Posted under Laziness on Thursday 12 March 2009 at 10:18 am

This time, my friends, let’s look closer at the main problem of the majority of us, Her Majesty Laziness. Nowadays, there are quite a lot of various techniques and strategies to assist people in fighting against laziness. They are available online or in a specialized literature. Once upon a time, while surfing on the Internet, I came across one interesting and very easy tactic to overcome my laziness. This technique really worked for me, and the most important fact is: it actually does not require any special state of mind, excessive enthusiasm or will power, any special preparation or knowledge. The tool I want you to try is something that can be easily done even by the laziest person on earth.

However, let me begin with talking about several myths connected with our laziness. To be proper, two of the myths, which do not allow many people understand better their laziness and start their battle against it. Here we go: it is supposed that laziness is an ineradicable personal trait. This is not true, because laziness is actually a special behavioral pattern, a habit, which certainly can be changed. Another myth is connected with the definition of laziness. We usually think that “Laziness is a condition when I am not doing anything“. This is so very wrong, because when we are lazing, we can be eating, watching a TV, listening to music, talking on the phone, playing a PC game, reading books, etc. etc. All of those are actions, and real laziness is the condition, when those activities start taking 6-12 hours a day and affecting our life. Therefore, laziness means being involved in quite useless activities (to some extent) for very long time.

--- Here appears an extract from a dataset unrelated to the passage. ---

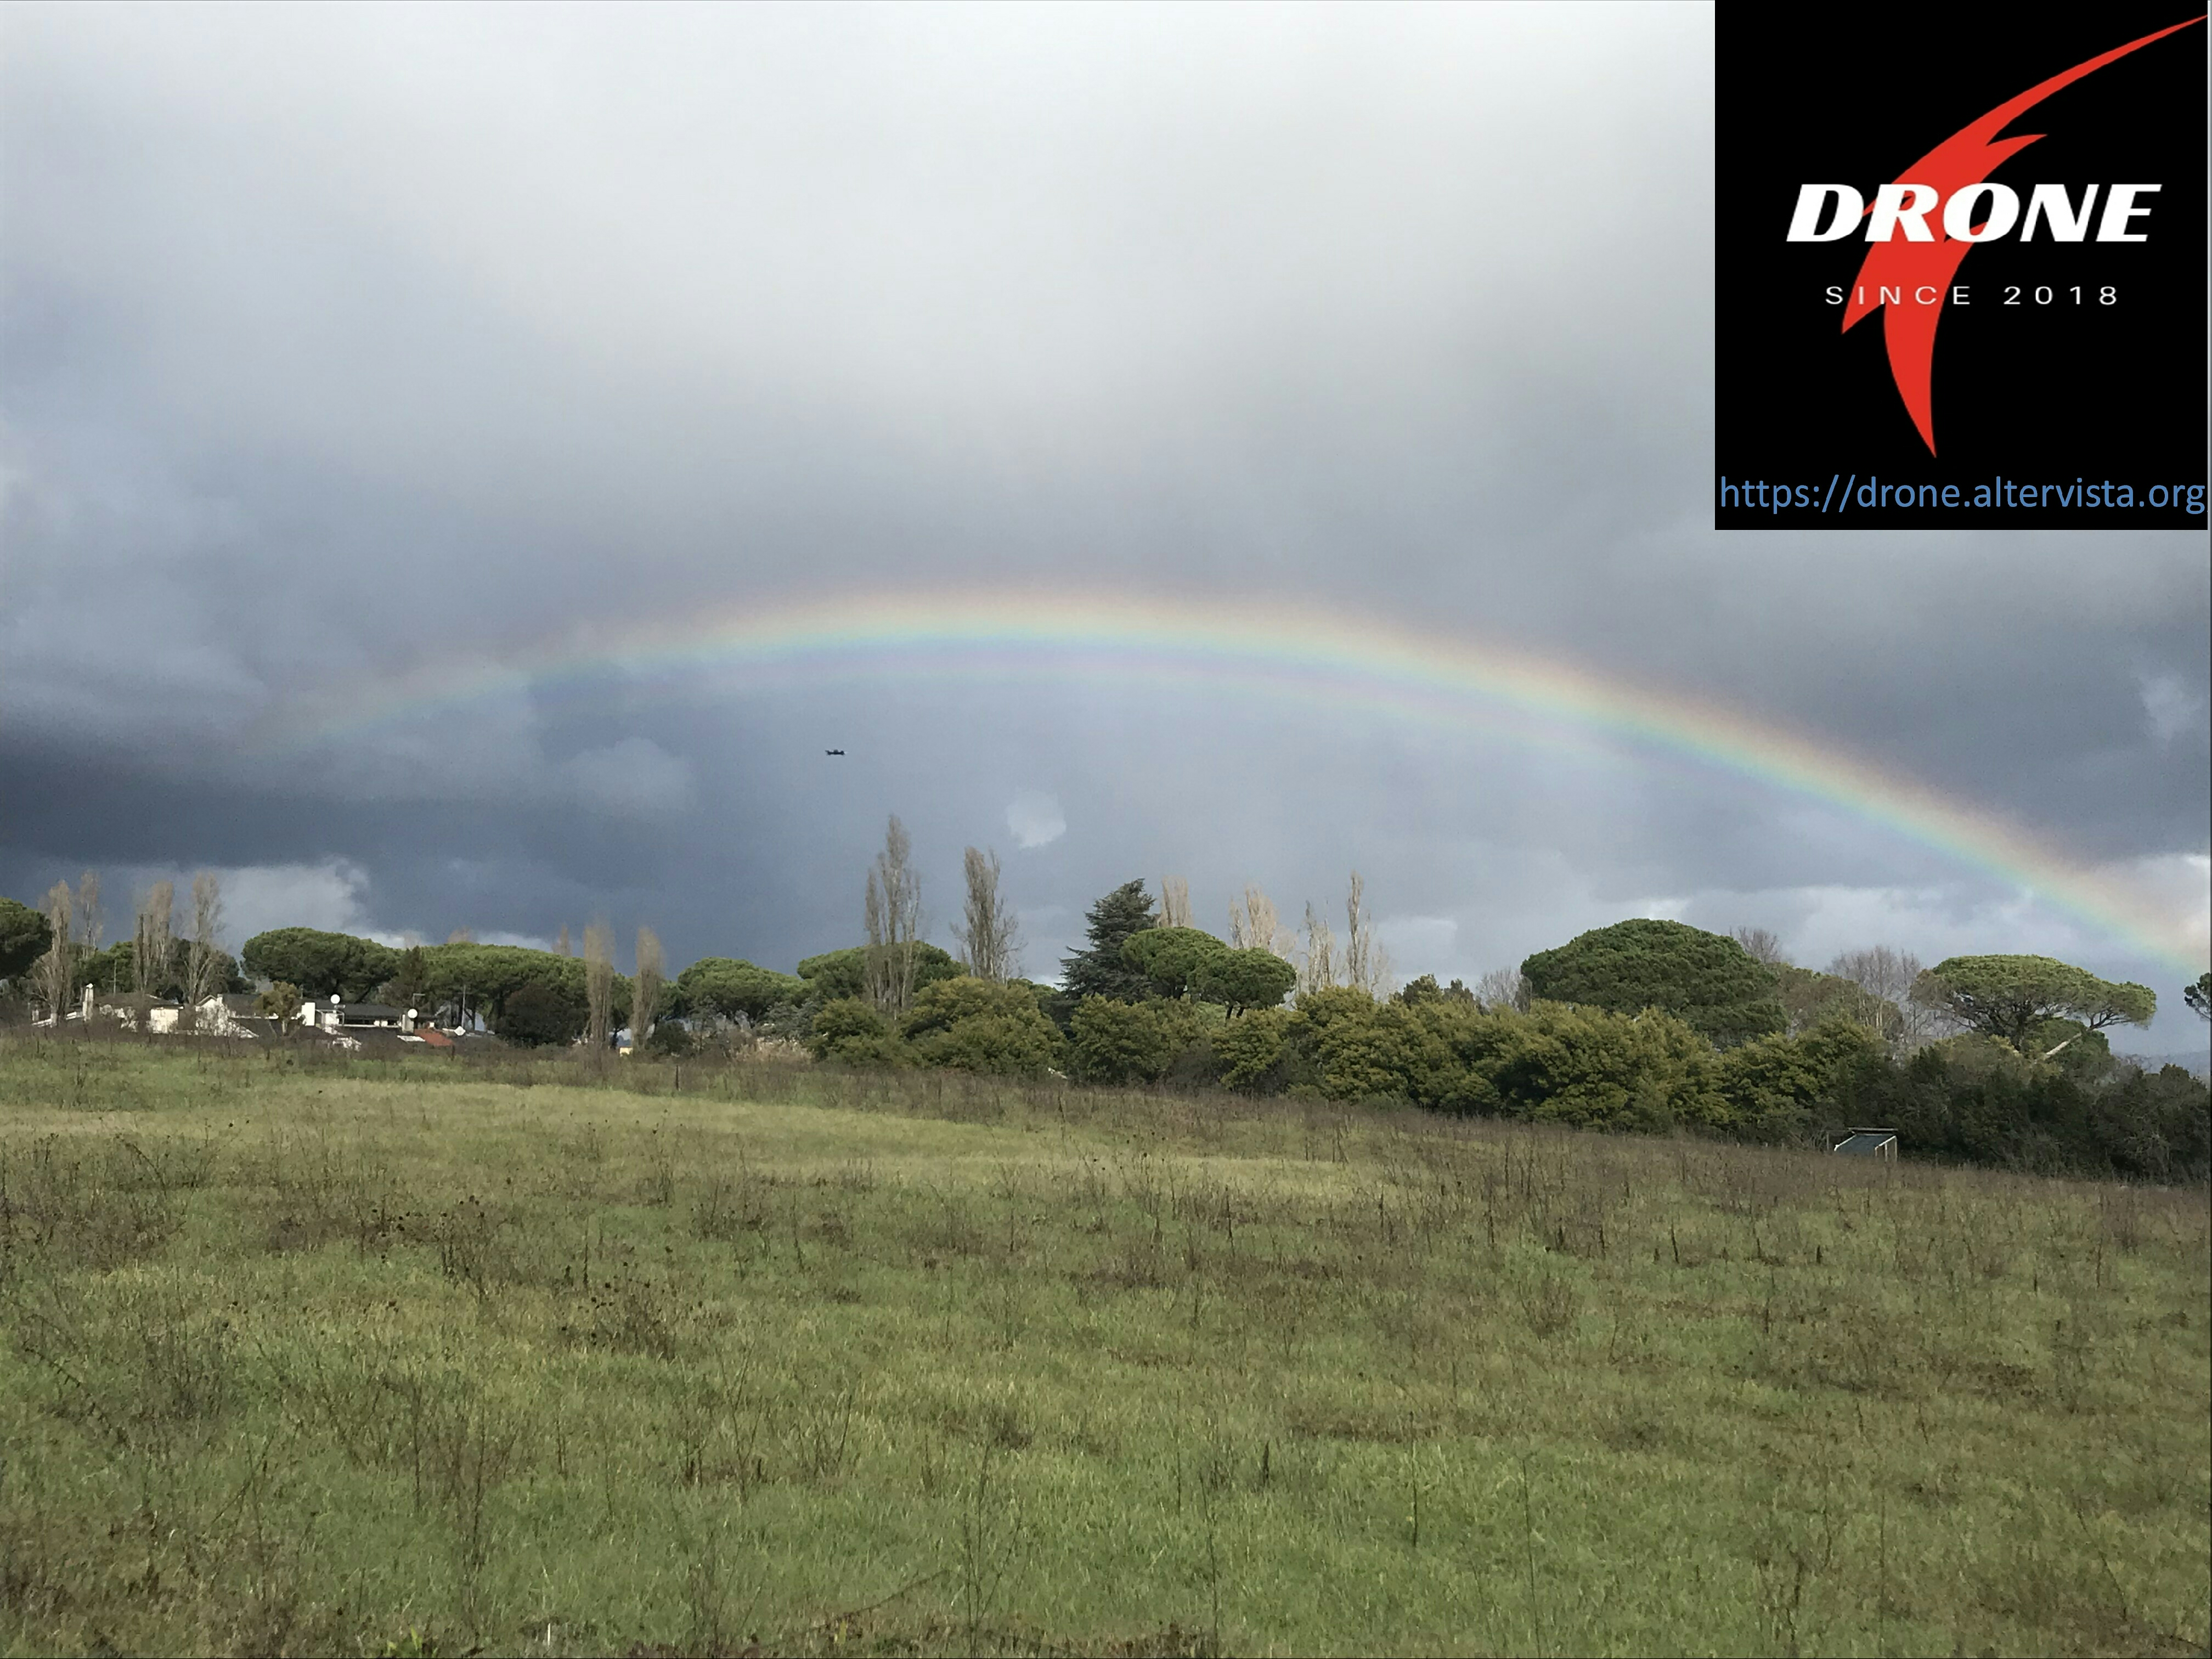 Volo drone con arcobaleno

Now, let’s get closer to the point. The tactic we are going to test has a certain mission: in order to beat laziness we can try not doing anything. Let’s suppose that you have something urgent or important to do, but you feel lazy to do that. It’s ok. First of all, let’s apply the strategy we were talking about before, and make a plan. You should schedule your activity, so take a piece of paper and write down on it, when you are going to start doing the task and for how long you are going to be busy with it. For example, “Today from 11 a.m. to 2 p.m.” or “Tomorrow from 9 a.m. to 11 a.m.” The most probably, when the mentioned time has come, you start feeling lazy again. What actually do you need to do to fight with it?

Ok: when the scheduled time came, give up doing what you were doing before, get up from your place and stand in the middle of the room (standing is better than sitting or laying down, I hope you understand why!). Do not do anything and just go with the flow of your thoughts, until you start feeling like you are ready to start doing the task you planned to do. Not doing anything and just standing still is quite unpleasant and hard, so it will eventually come to your mind that you need to start doing your task. So, take your time for choosing from two alternatives: the thing you need to do, or doing nothing, From my own experience, I can tell you that the longest it took me to stand and wait for the inspiration to come, was 5 minutes. Hint: do not think about how complicated and long the task can be, just think about doing the first step. It’s like pressing “Start” button on your computer: find the way to begin, and it will be easier to proceed.

You can apply the same tactic in the situation, when you start feeling lazy in the middle of doing you task or assignment. Go back to the room and stand still doing nothing for a while. Believe me, very soon you will feel like being back to your task. This technique is applicable for any sort of tasks or activities, in any situation. And it’s advantage is: there is no need in making extra efforts or persuading yourself that you need to start working on something. Moreover, do not try to control your thoughts and just go with the flow. Most probably, inspiration and motivation will come soon. Good luck!